Did some experimenting, if you put ffmpeg and ffprobe in the same directory, it plays nicer with the commands I read about here:
https://old.reddit.com/r/youtubedl/wiki/howdoidownloadpartsofavideo
As a quick example, you can now simply use --download-sections "*93-111" to download the part between 93 seconds and 111 seconds. For more accurate cutting, you can also use --force-keyframes-at-cuts
Useful, and include that keyframe command.
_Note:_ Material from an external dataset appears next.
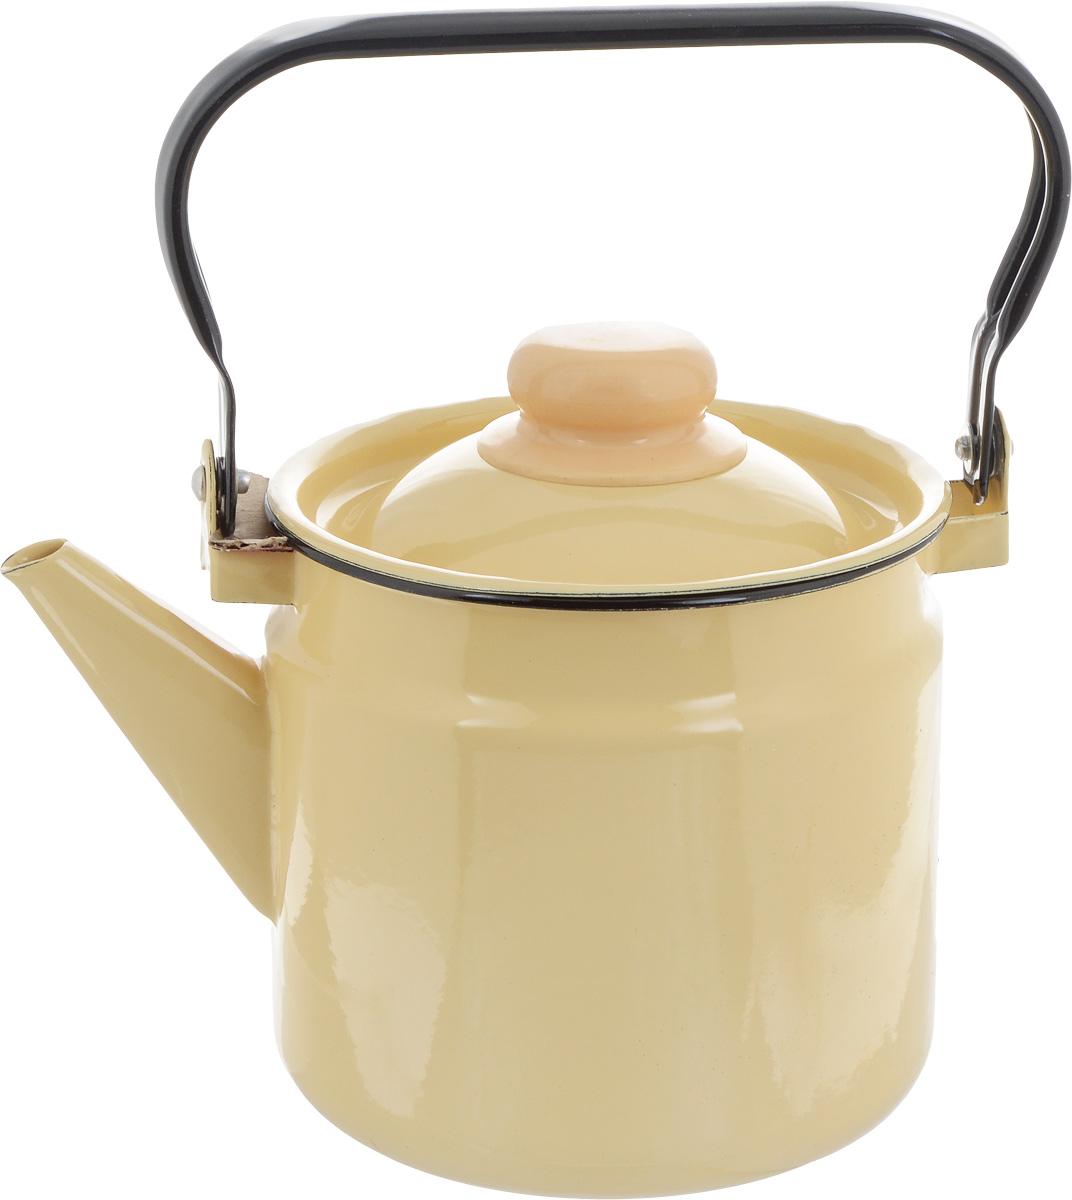 """Чайник """"СтальЭмаль"""" выполнен из высококачественного стального проката, покрытого двумя слоями жаропрочной эмали. Такое покрытие защищает сталь от коррозии, придает посуде гладкую стекловидную поверхность и надежно защищает от кислот и щелочей. Чайник оснащен подвижной стальной ручкой и крышкой. Внешние стенки дополнены нежным цветочным узором. Эстетичный и функциональный чайник будет оригинально смотреться в любом интерьере. Подходит для газовых, электрических, стеклокерамических, индукционных плит. Можно мыть в посудомоечной машине. Диаметр (по верхнему краю): 15 см.Высота чайника (без учета ручки и крышки): 14,5 см."""

For whatever reason, though, ffmpeg still wasn't playing nice with the video, so I had to manually select a format that it didn't hate (
yt-dlp --list-formats "https://www.youtube.com/watch?v=-oWy9oEnwrI"
.
That 299-dash is a lie btw, when I tried DL'ing 299, it was video/no audio, 299-dash was audio/no video, real weird, so I ended up entering
-f 299+bestaudio
, which worked
My final command using your video linked ended up like this, downloading between 13327 and 13342 seconds, 15 second clip:
yt-dlp --download-sections "*13327-13342" --force-keyframes-at-cuts --concurrent-fragments 16 -o name.mkv -f 299+bestaudio "https://www.youtube.com/watch?v=-oWy9oEnwrI"
I cut out a bit of my struggles, but this should give you an idea of how to do it yourself hopefully.